PROVIDED RECORDS -
*** Block opens ***

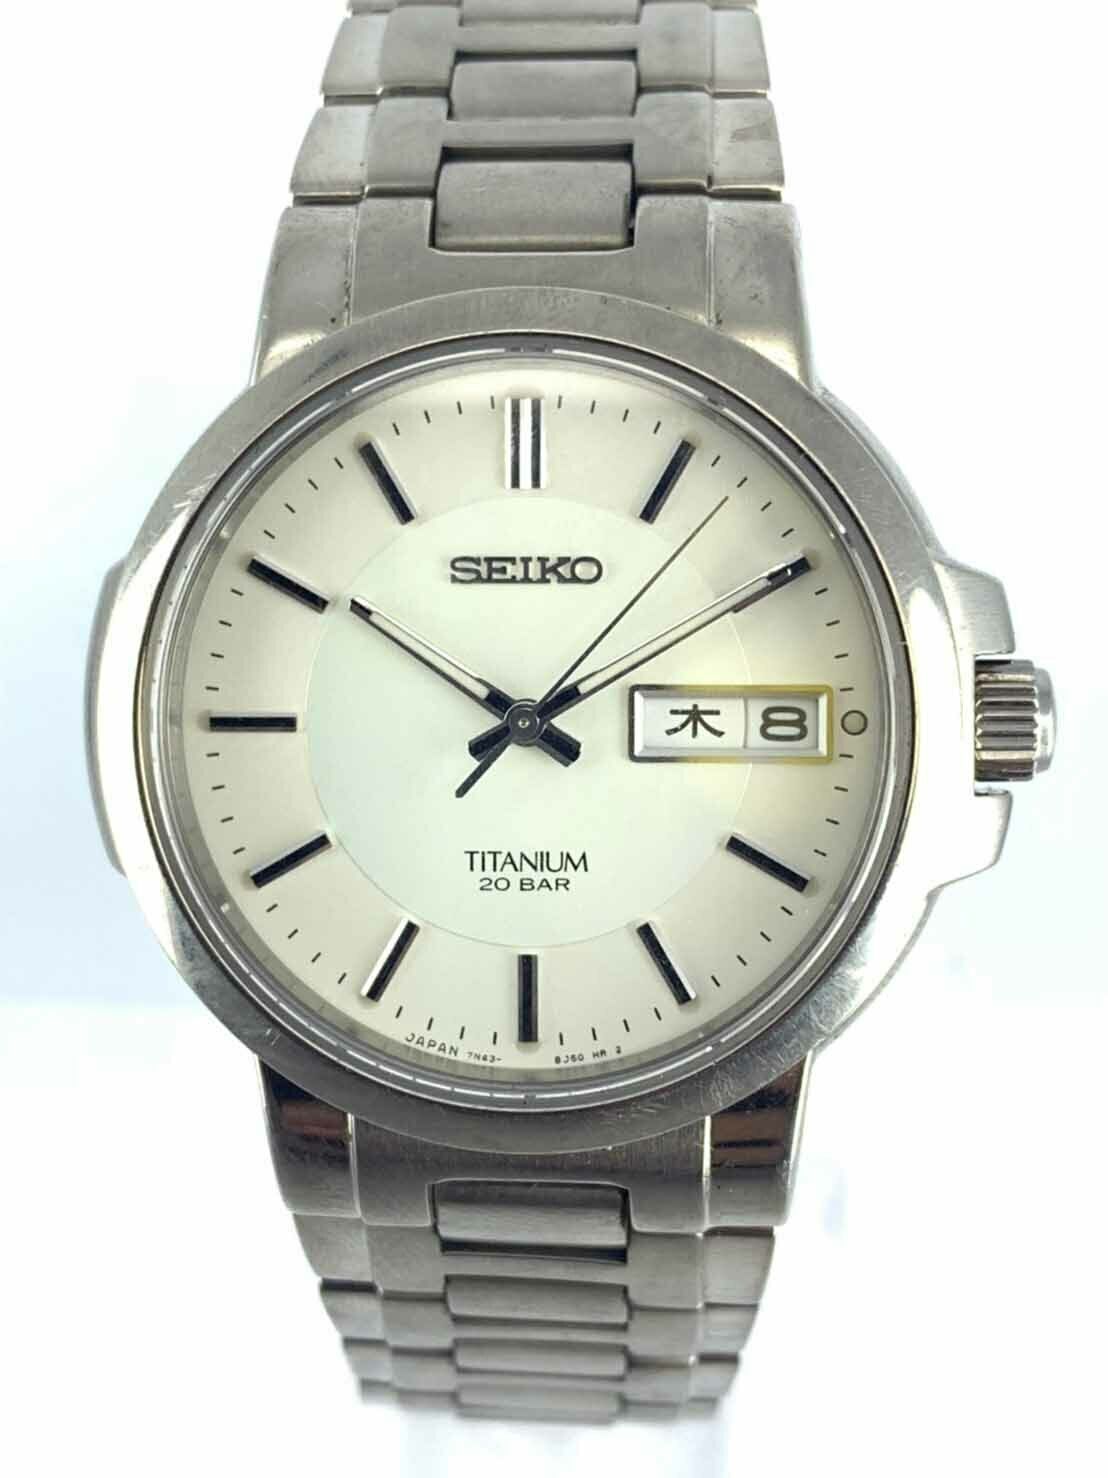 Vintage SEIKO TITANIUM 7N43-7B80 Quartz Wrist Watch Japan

*** Block closes ***
*** Block opens ***

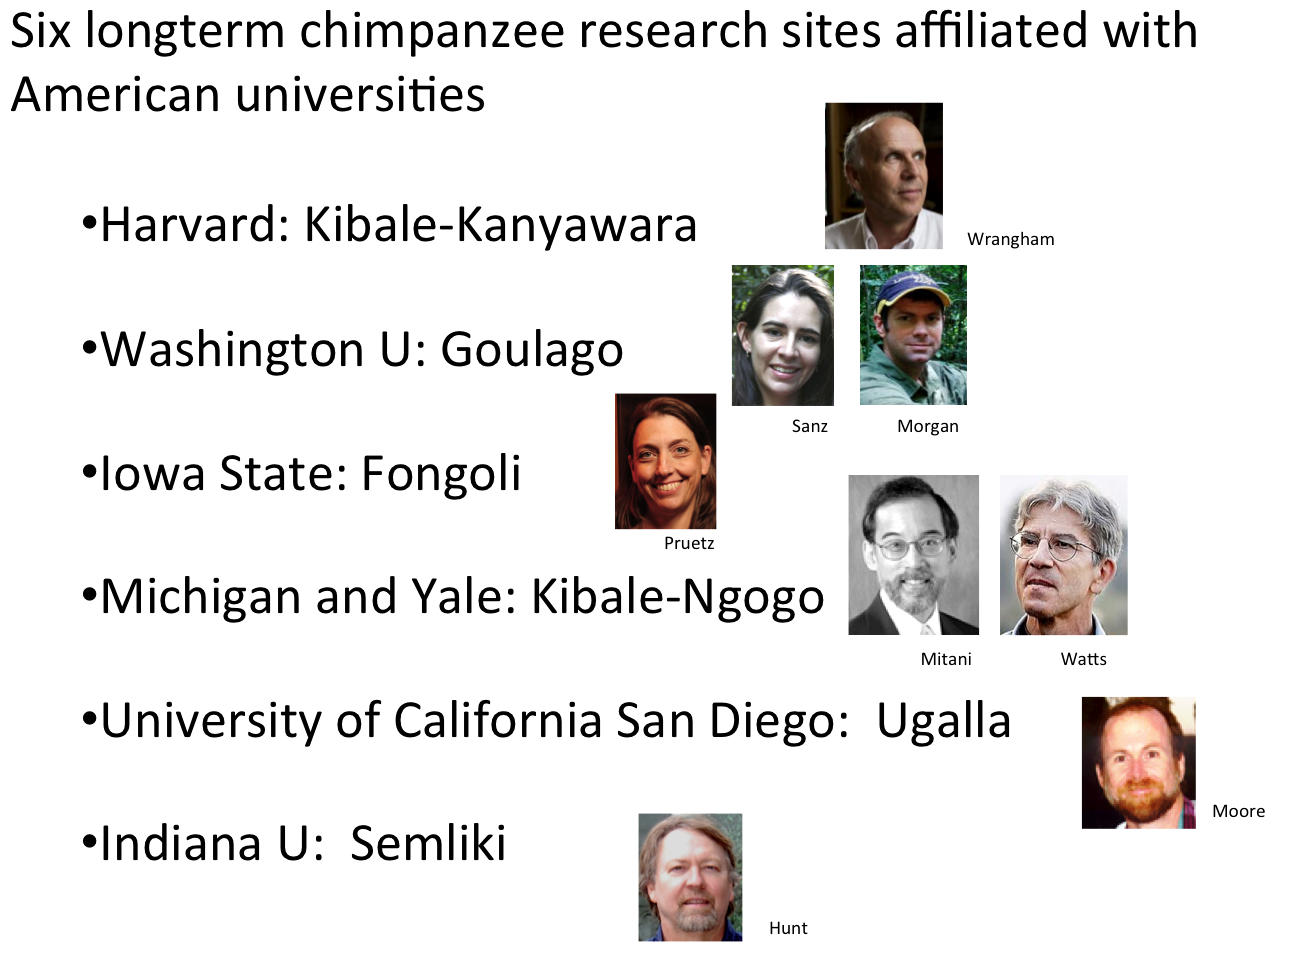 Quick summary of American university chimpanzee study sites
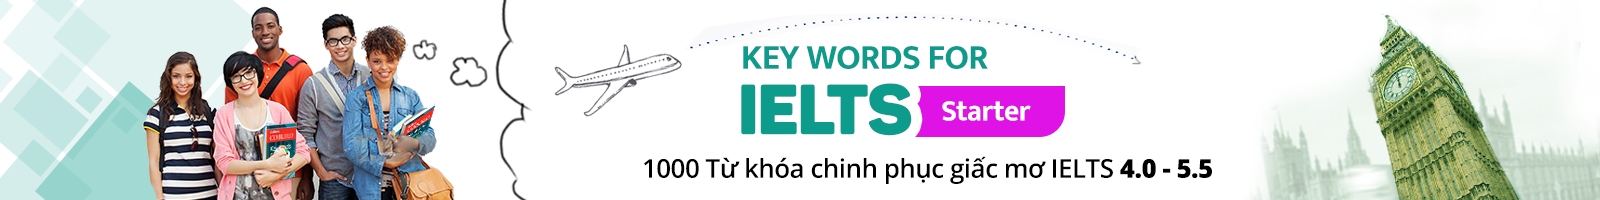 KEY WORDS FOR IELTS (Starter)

*** Block closes ***

WHAT IS NEEDED -
The material above holds pictures; leave them out and set down exactly the lines from the line with "Quick summary of" to the line with "KEY WORDS FOR IELTS (Starter)", both included.

WRITTEN SOLUTION -
 Quick summary of American university chimpanzee study sites
 KEY WORDS FOR IELTS (Starter)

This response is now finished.